AI discovered science-based insights
The Mirai is Toyota’s car of the future. It runs on hydrogen fuel cells, gets 312 miles on a full tank and only emits water vapor. So, to target tech and science enthusiasts, the brand is running thousands of ads with messaging crafted based on their interests.
The catch? The campaign was written by IBM’s supercomputer, Watson. After spending two to three months training the AI to piece together coherent sentences and phrases, Saatchi LA began rolling out a campaign last week on Facebook called “Thousands of Ways to Say Yes” that pitches the car through short video clips.
“When we started to look at the people who were going to be interested in this car, we realized it was people who were new technology adopters,—it was psychologists; it was engineers,” said Chris Pierantozzi, ecd at Saatchi LA. “So we wanted to make an ad for almost every single potential buyer of this car—one for every type of Mirai driver.”
First, Saatchi LA wrote 50 scripts based on location, behavioral insights and occupation data that explained the car’s features to set up a structure for the campaign.
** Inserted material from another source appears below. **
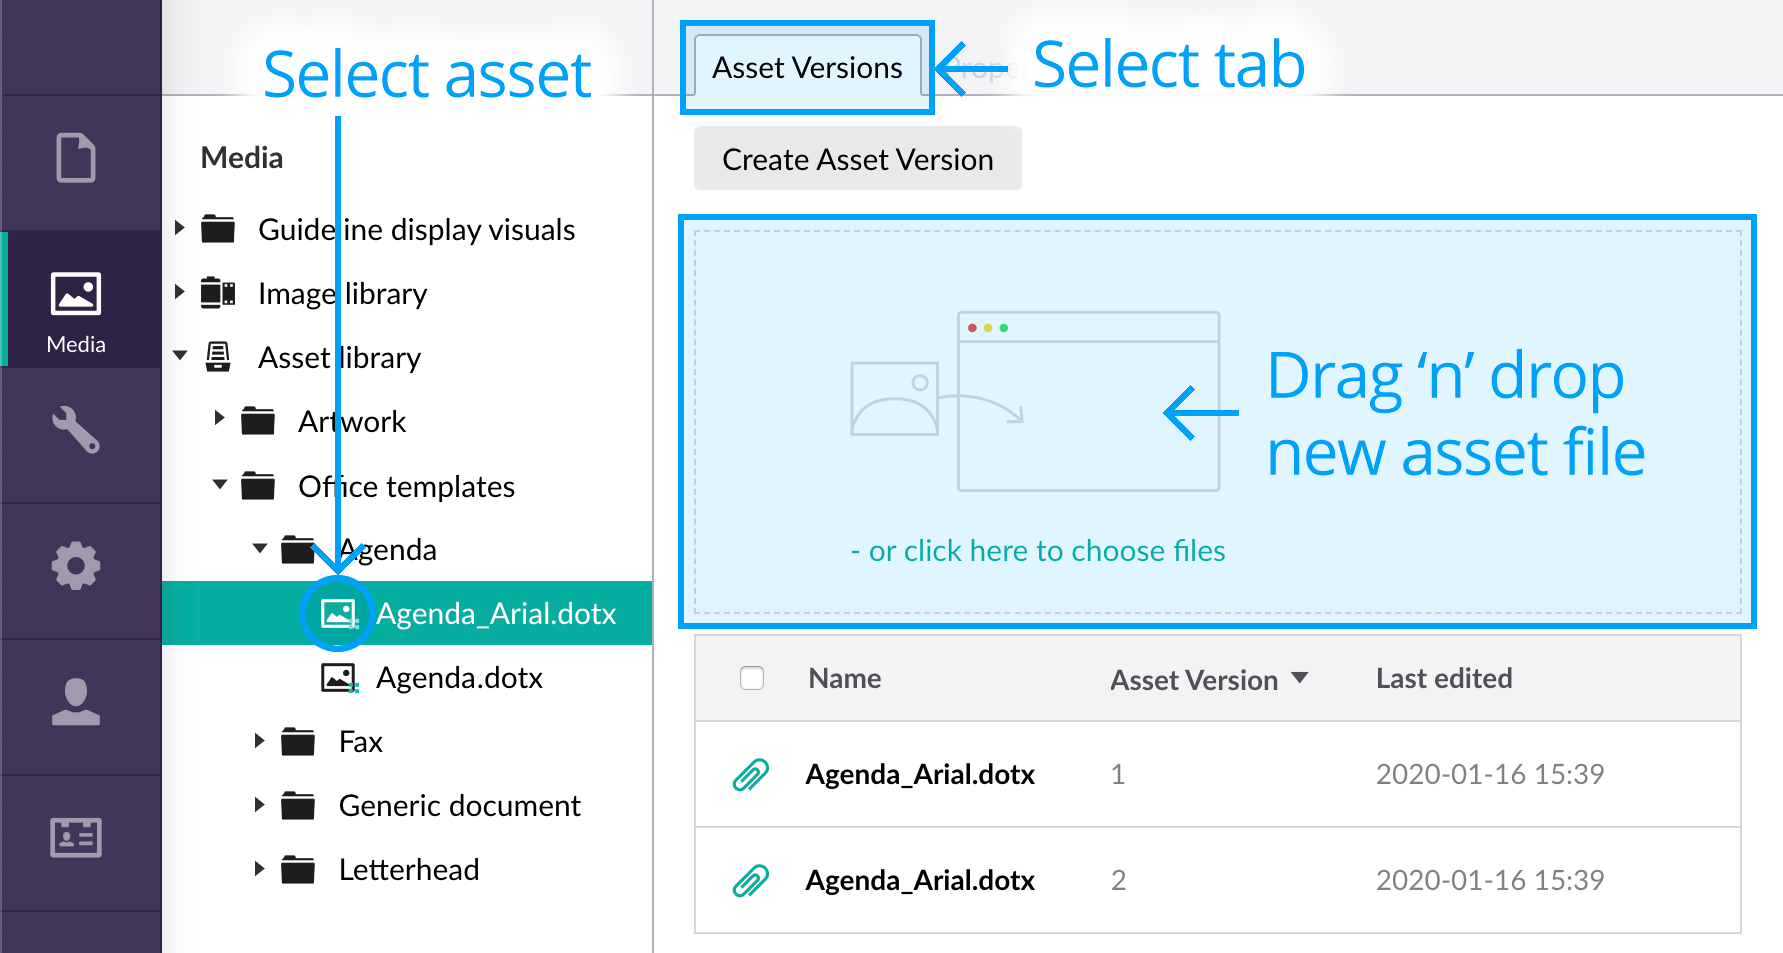 Drag and drop new asset into the asset versions upload area

The scripts were then used to train Watson so it could whip up thousands of pieces of copy that sounded like they were written by humans.
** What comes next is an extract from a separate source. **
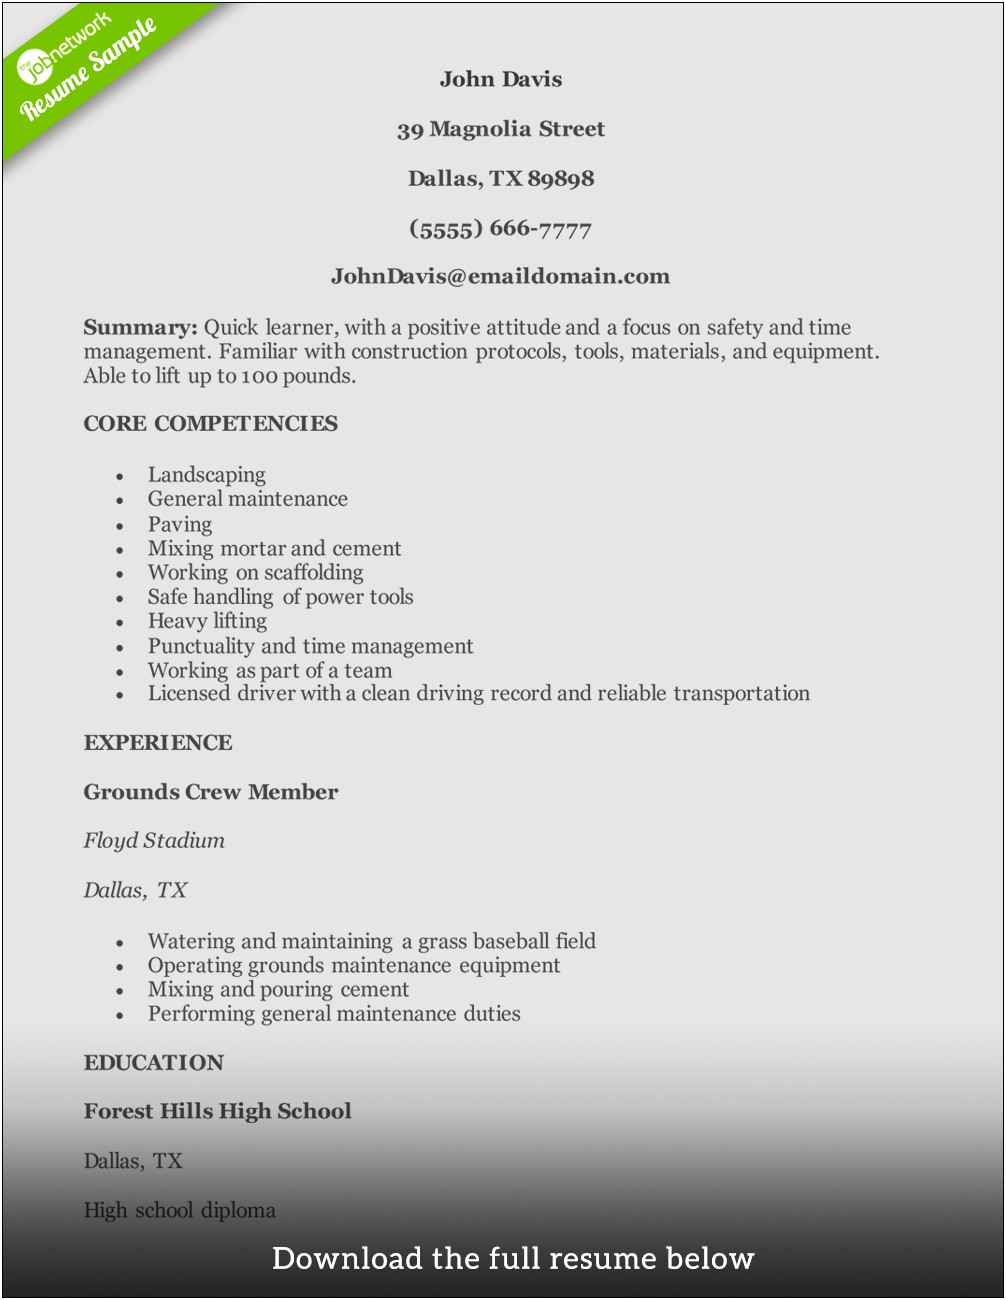 Resume Summary Example For Construction

“We realized that we couldn’t just let it go out and try to figure out the creative on its own,” Pierantozzi said. “We had to give it guidelines with exactly what we wanted, so then it then had a little bit of creative freedom to come up with some of the thoughts on its own.”
“It was finding these very deep, weird insights that it mined out and it started to put it into sentence structures—things that maybe we necessarily in the advertising industry wouldn’t be able to find on our own.”-Chris Pierantozzi, Saatchi LA’s executive creative director
The AI then scraped the internet, including sites like YouTube and Wikipedia, to create a neural network of words and phrases about what it means to be a scientist and put the thoughts together into sentences.
Getting the AI to string together a proper sentence was a challenge at first, Pierantozzi said. The first piece of copy it came back with was the incoherent sentence, “Yes, probably in this out we saw can I realized in college to cook applied into the.” Another early ad read, “Yes, the worried scientist mother there.”
“AI was a core expectation of the project from the get-go but the undertaking was massive given that we needed a ton of lines and 42 brains to work together to create the specific copy to feed into the wild,” explained Chris Neff, executive producer of Tool of North America, the production company behind the work. “AI production is time consuming and requires an open mind. You may not get the results that you think you will get and that expectation has to be set from day one.”
After a few more attempts, “We realized that it was struggling with the words that it had learned to create cohesive sentences,” Saatchi LA’s Pierantozzi said. “[We] allowed it to take all of the words within the neural net and apply them to things like nouns, adjectives, pronouns, phrases.”
About halfway through the process, Watson began putting together sentences, but they weren’t connected to each other. So, the last group of training sessions focused on word meaning and cohesively using words together. During this phase, Saatchi LA began to rank the AI responses to train the technology on whether something was “good” or “bad.”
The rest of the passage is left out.